** Opening Collected data block **
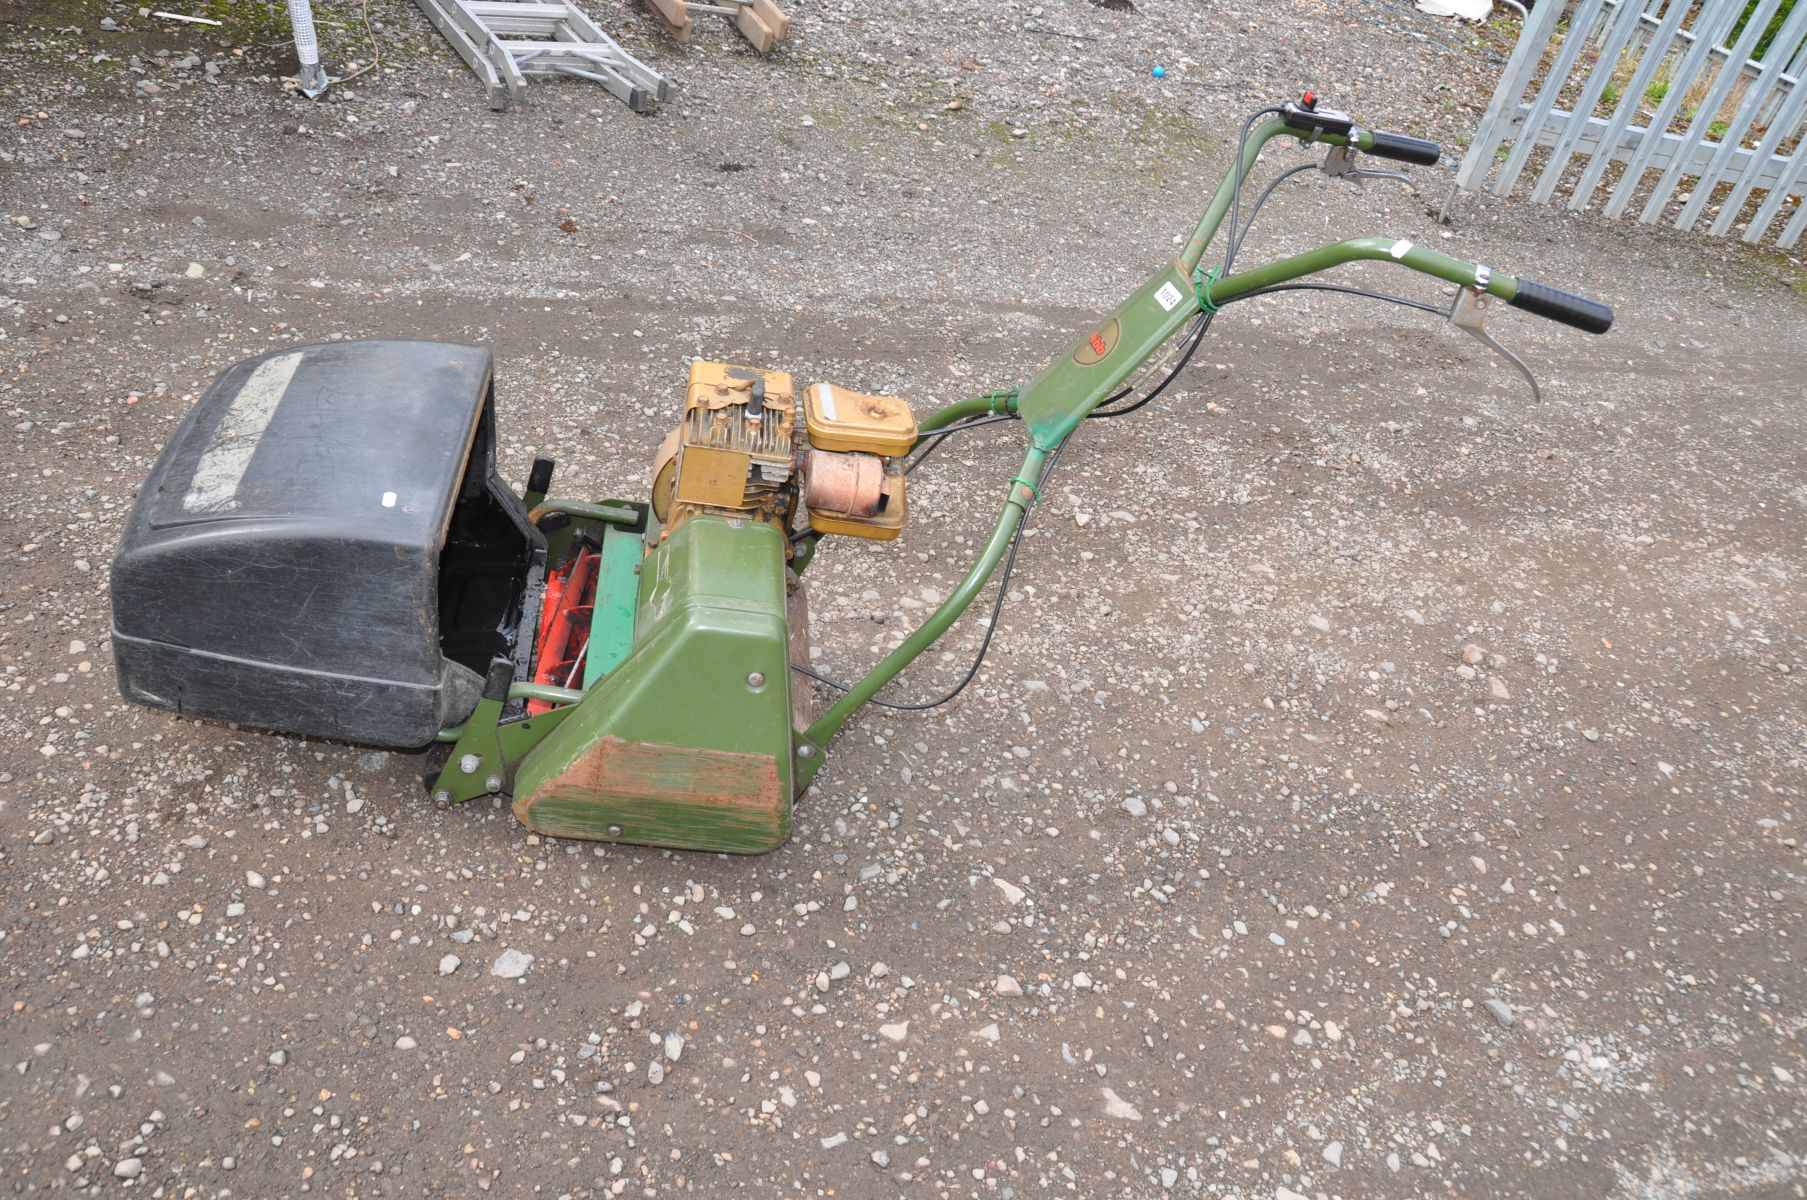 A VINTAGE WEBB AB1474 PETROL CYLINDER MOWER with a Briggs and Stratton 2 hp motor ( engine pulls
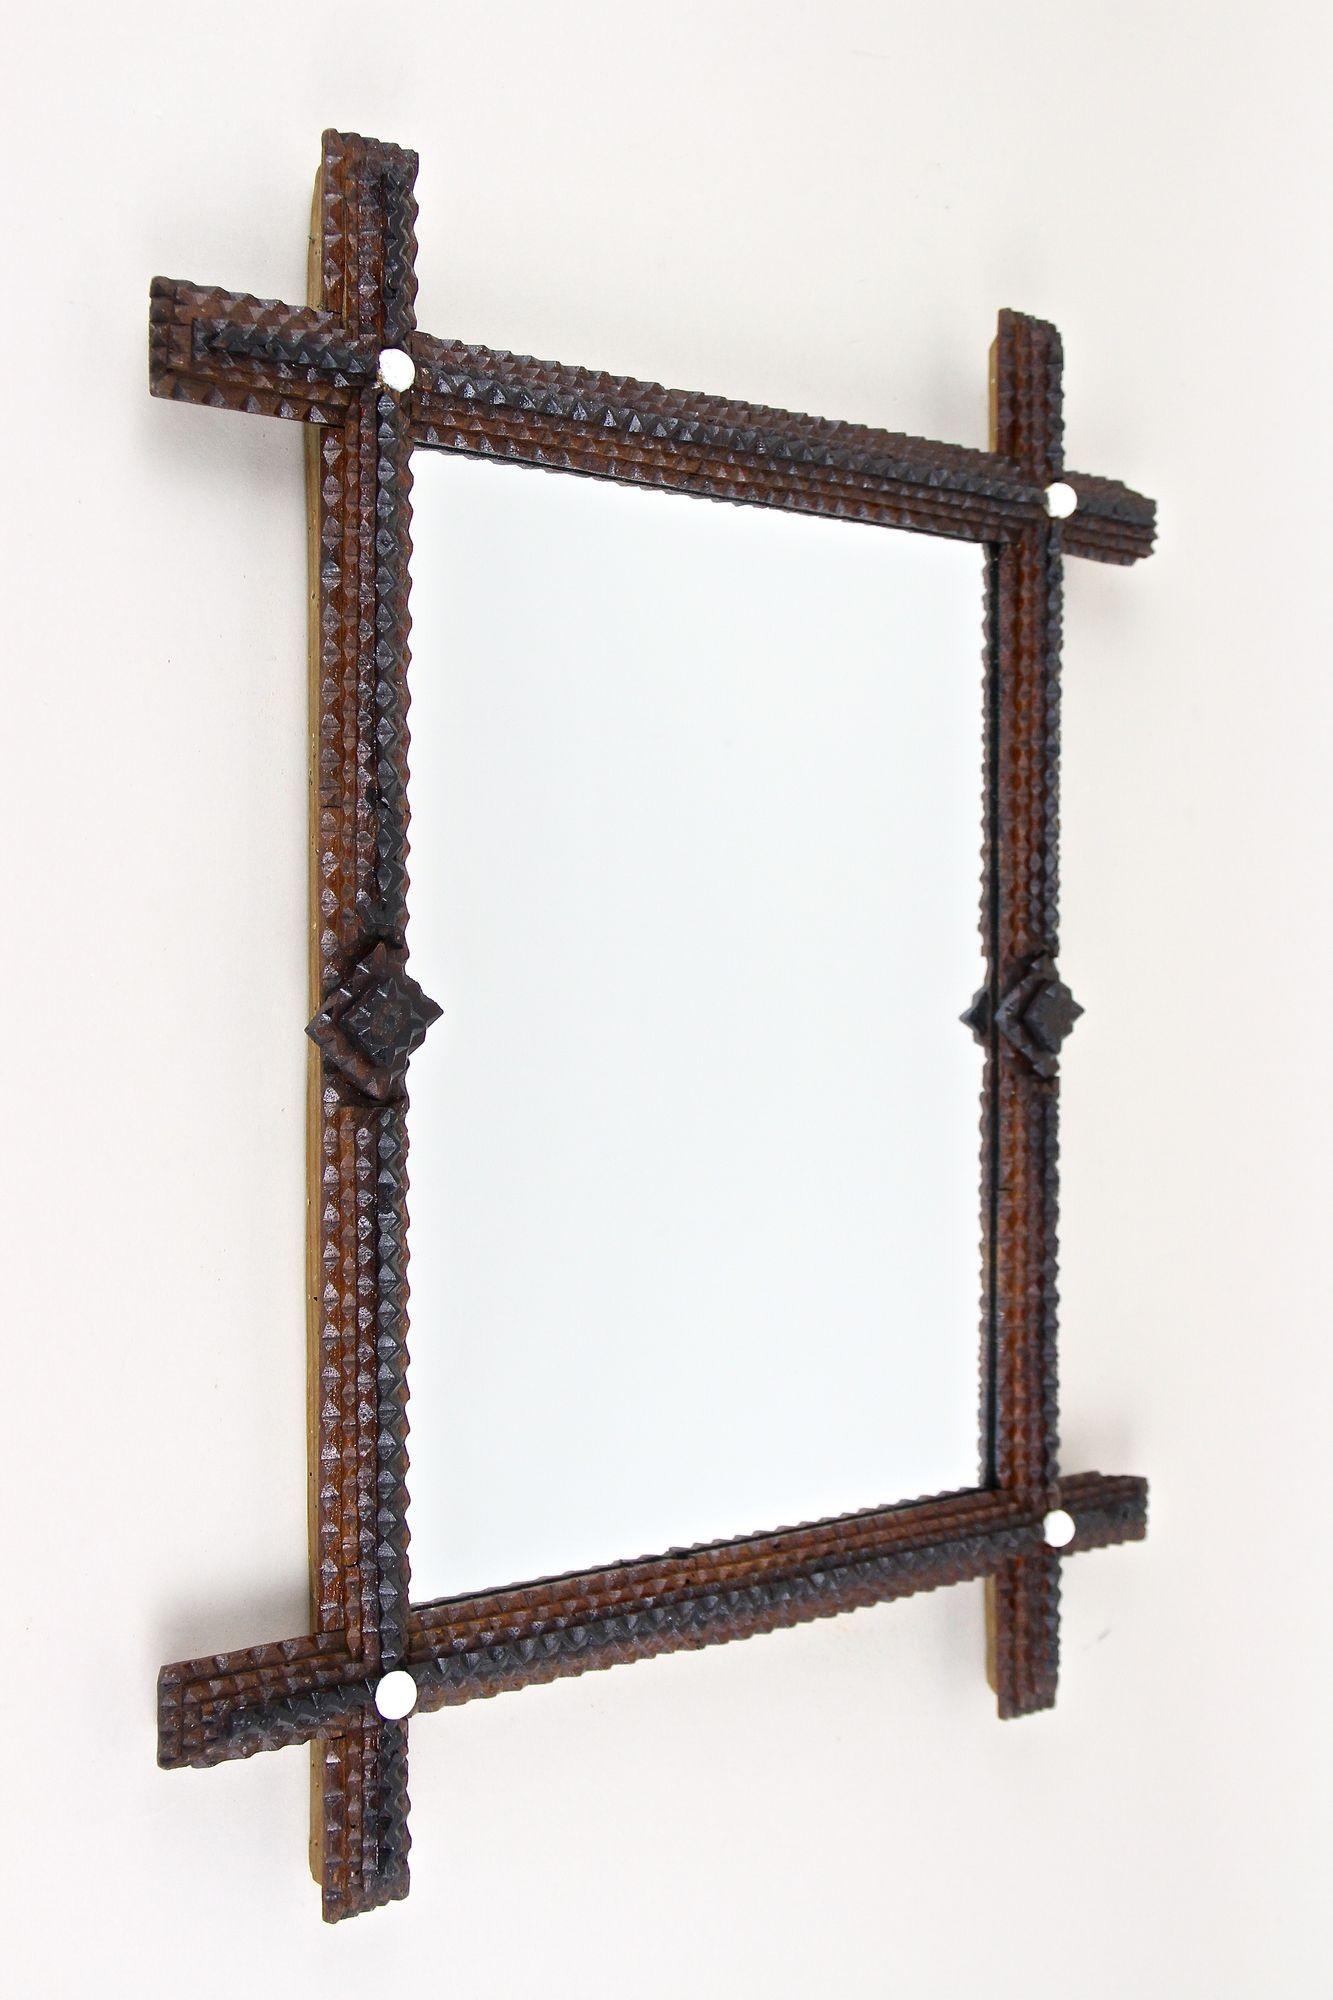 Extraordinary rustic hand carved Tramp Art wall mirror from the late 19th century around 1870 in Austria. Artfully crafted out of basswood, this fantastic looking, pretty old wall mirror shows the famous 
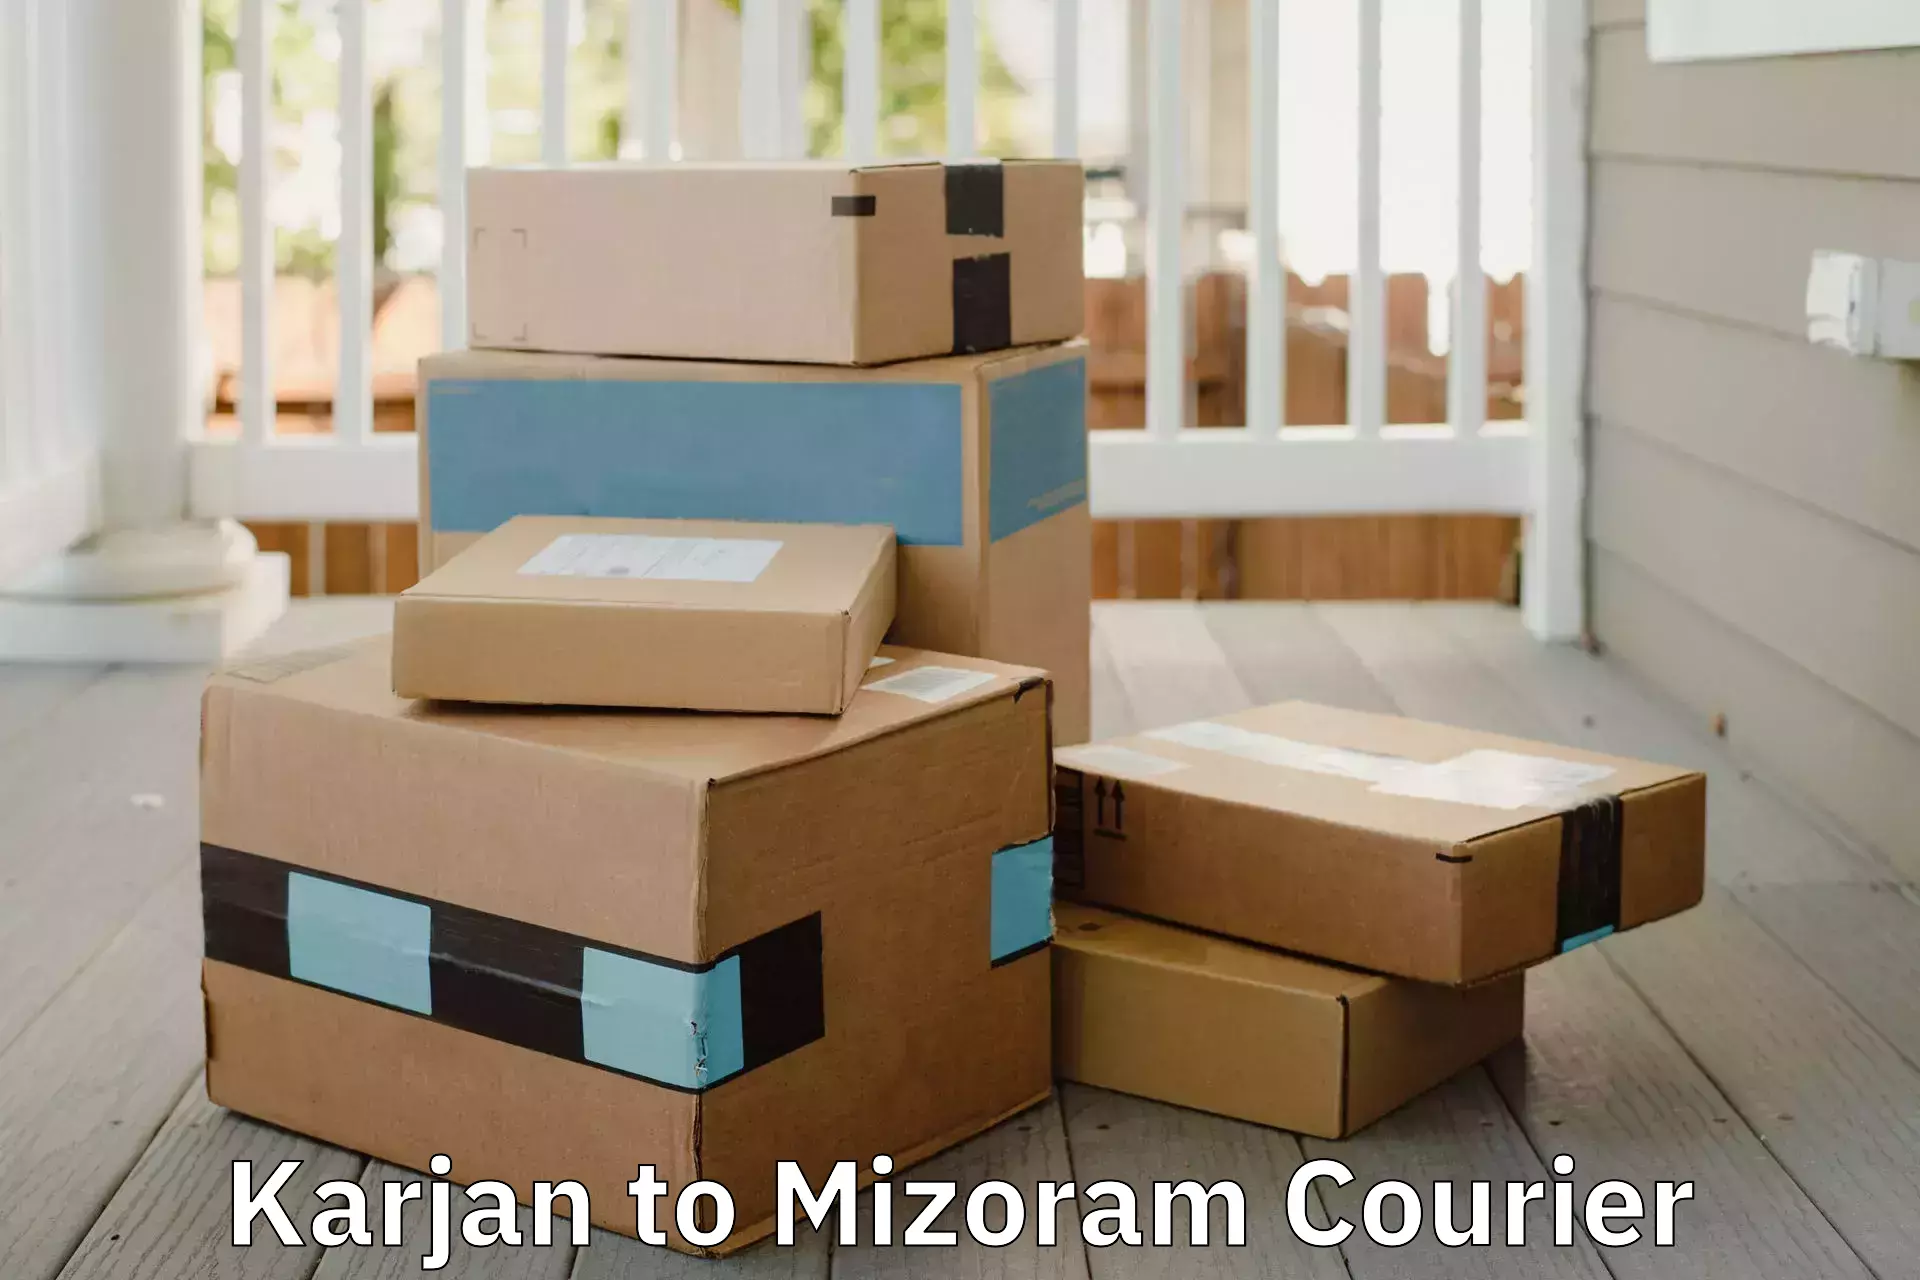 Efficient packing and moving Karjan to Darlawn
** Closing Collected data block **
## Exercise goal
Each line of the material goes into your copy unchanged, but no picture does.

## Output for this task
 A VINTAGE WEBB AB1474 PETROL CYLINDER MOWER with a Briggs and Stratton 2 hp motor ( engine pulls
 Extraordinary rustic hand carved Tramp Art wall mirror from the late 19th century around 1870 in Austria. Artfully crafted out of basswood, this fantastic looking, pretty old wall mirror shows the famous 
 Efficient packing and moving Karjan to Darlawn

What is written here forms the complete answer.